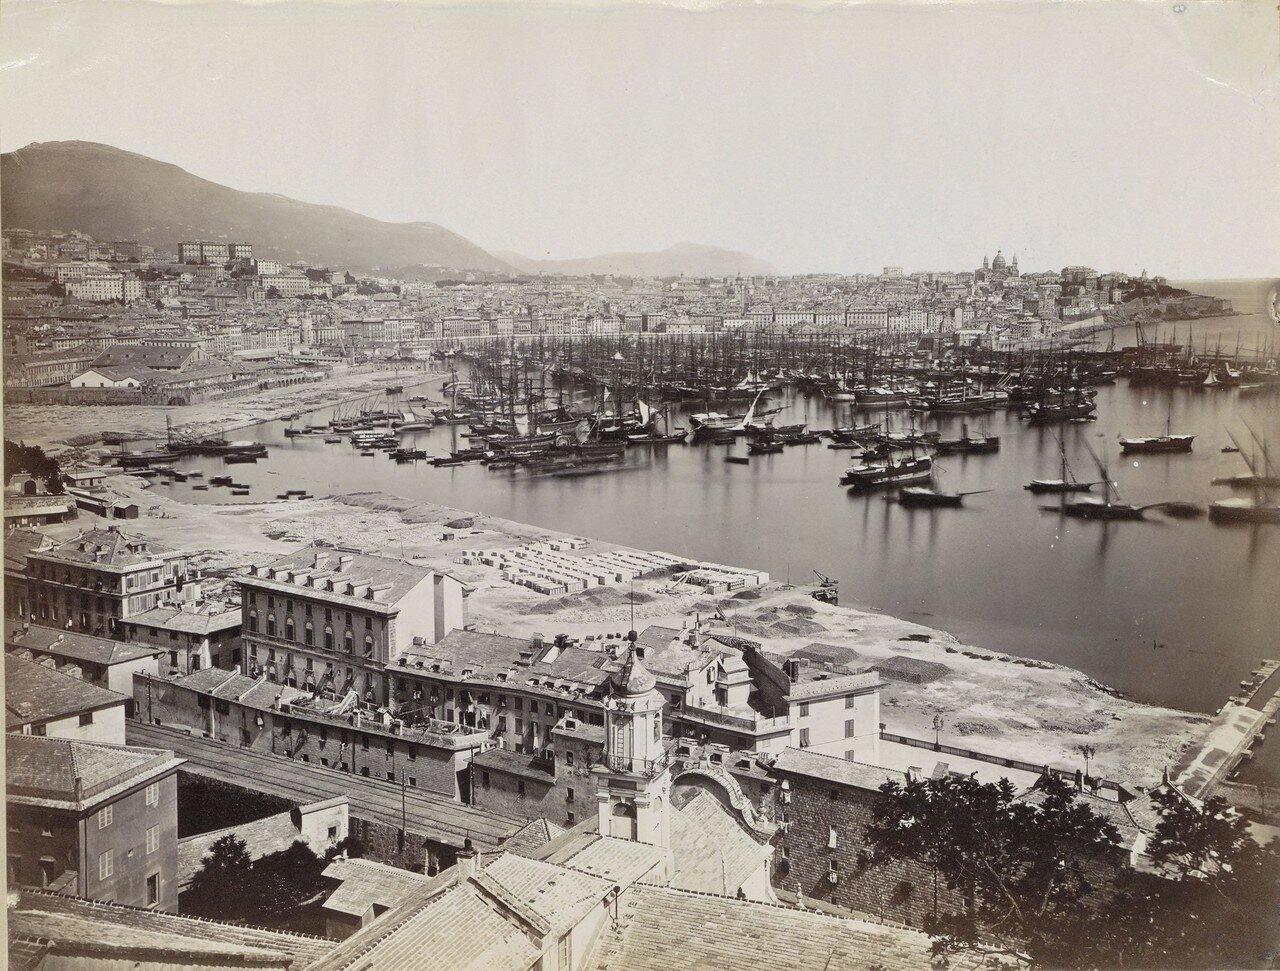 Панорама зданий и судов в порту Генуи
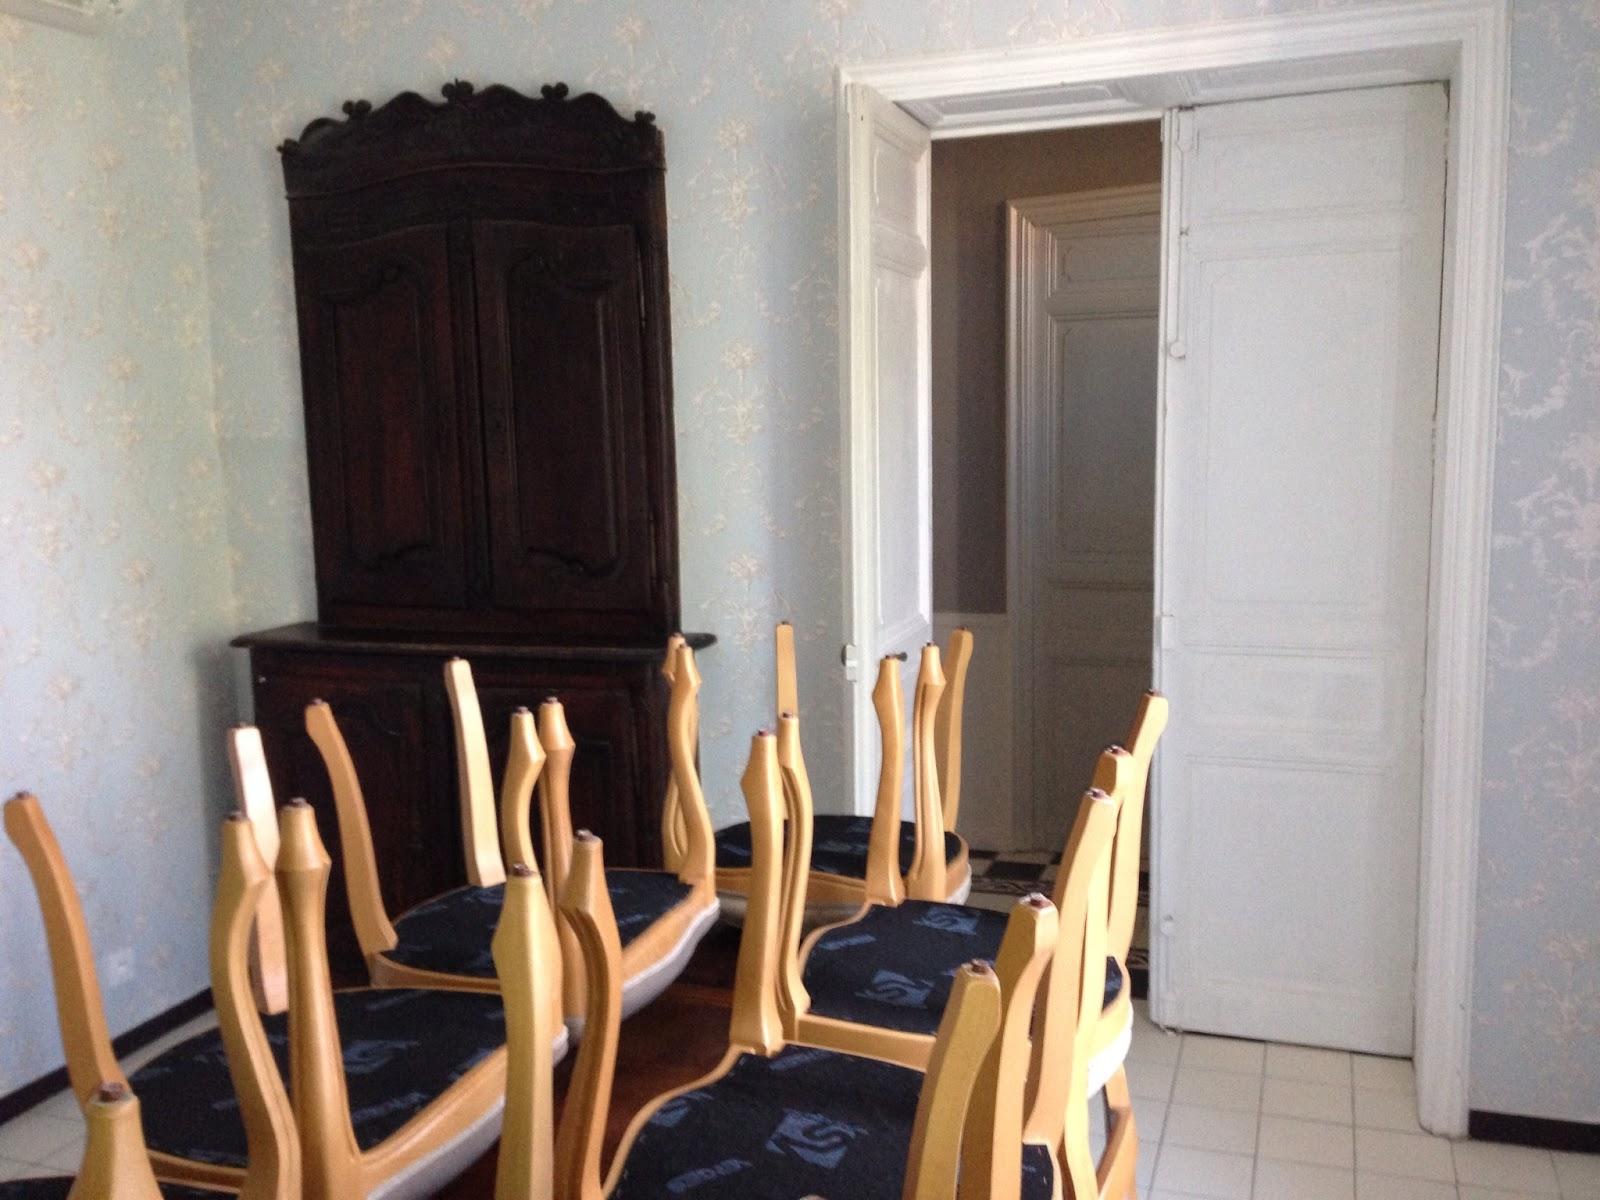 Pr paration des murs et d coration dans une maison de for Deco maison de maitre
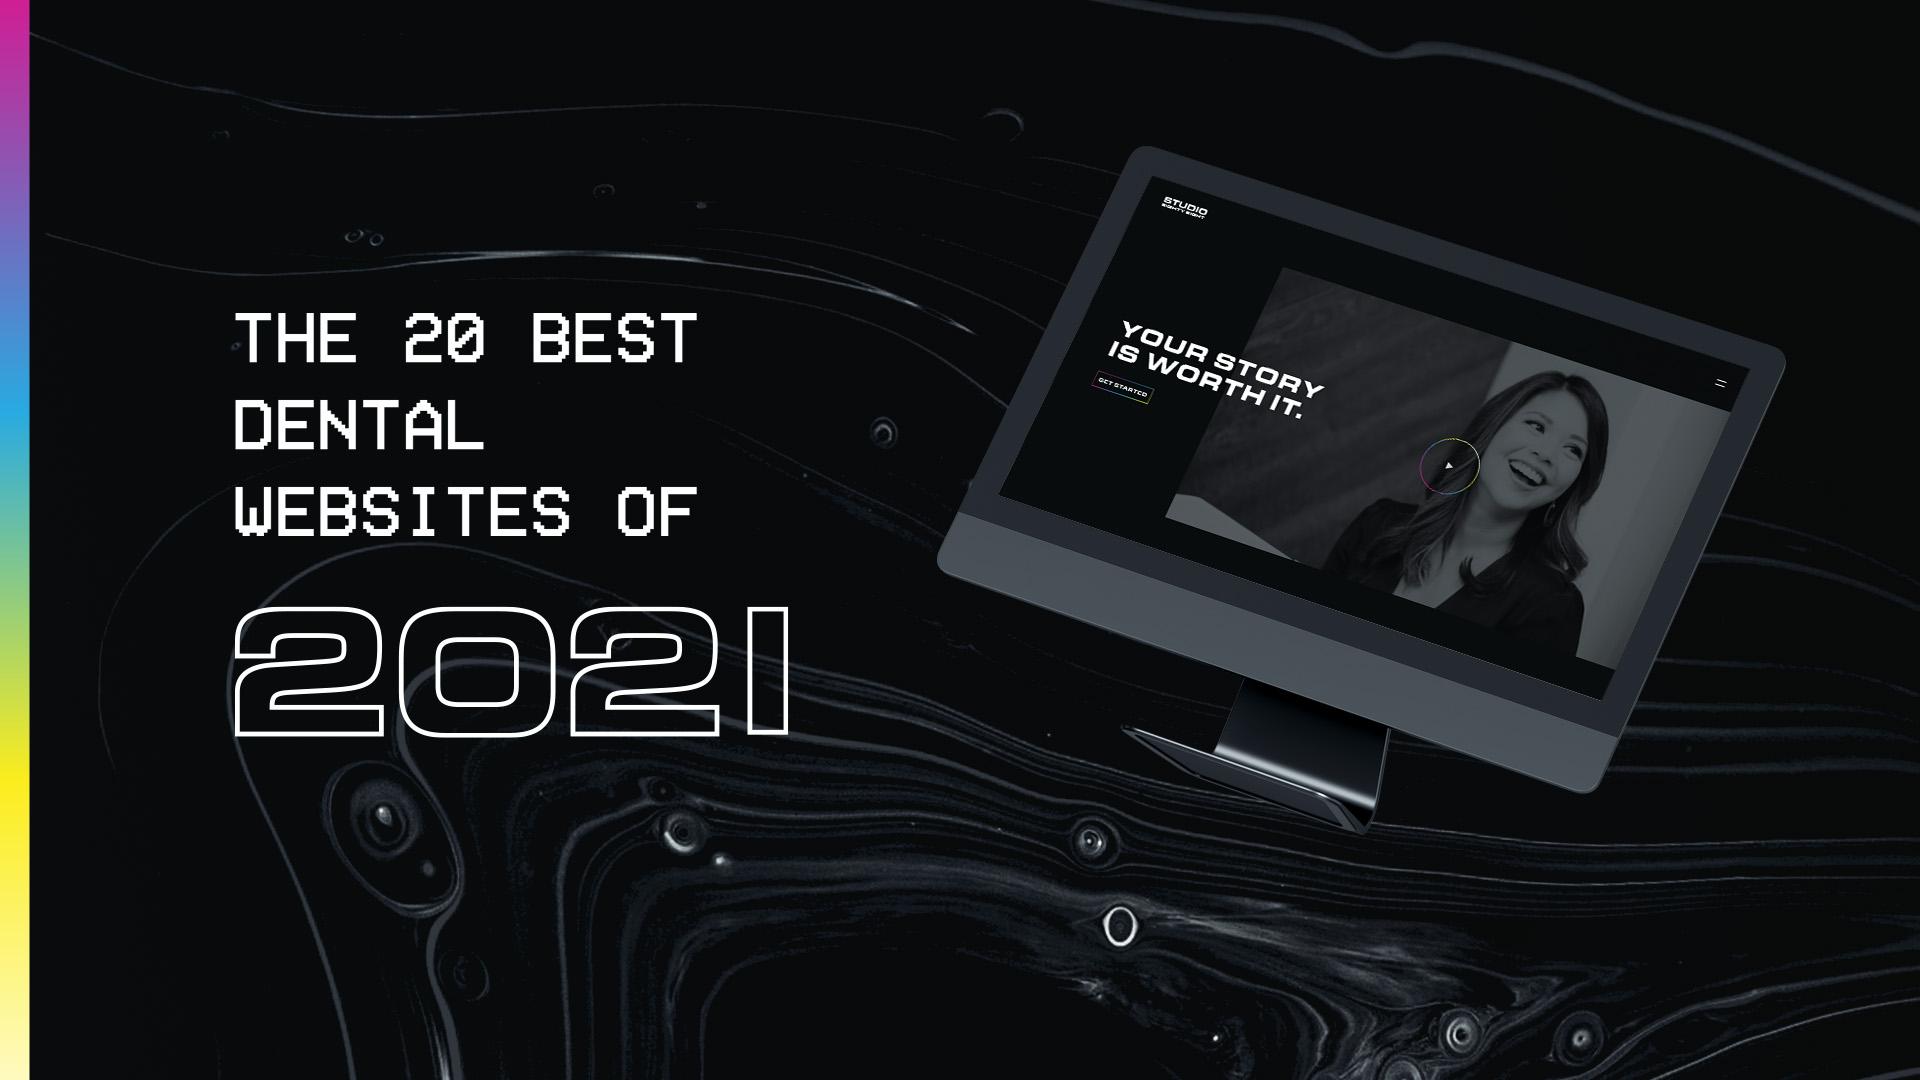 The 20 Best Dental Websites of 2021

Assigned task:
Output the listing above in full and exactly, with pictures excluded.

Reply to the exercise:
 Панорама зданий и судов в порту Генуи
 Pr paration des murs et d coration dans une maison de for Deco maison de maitre
 The 20 Best Dental Websites of 2021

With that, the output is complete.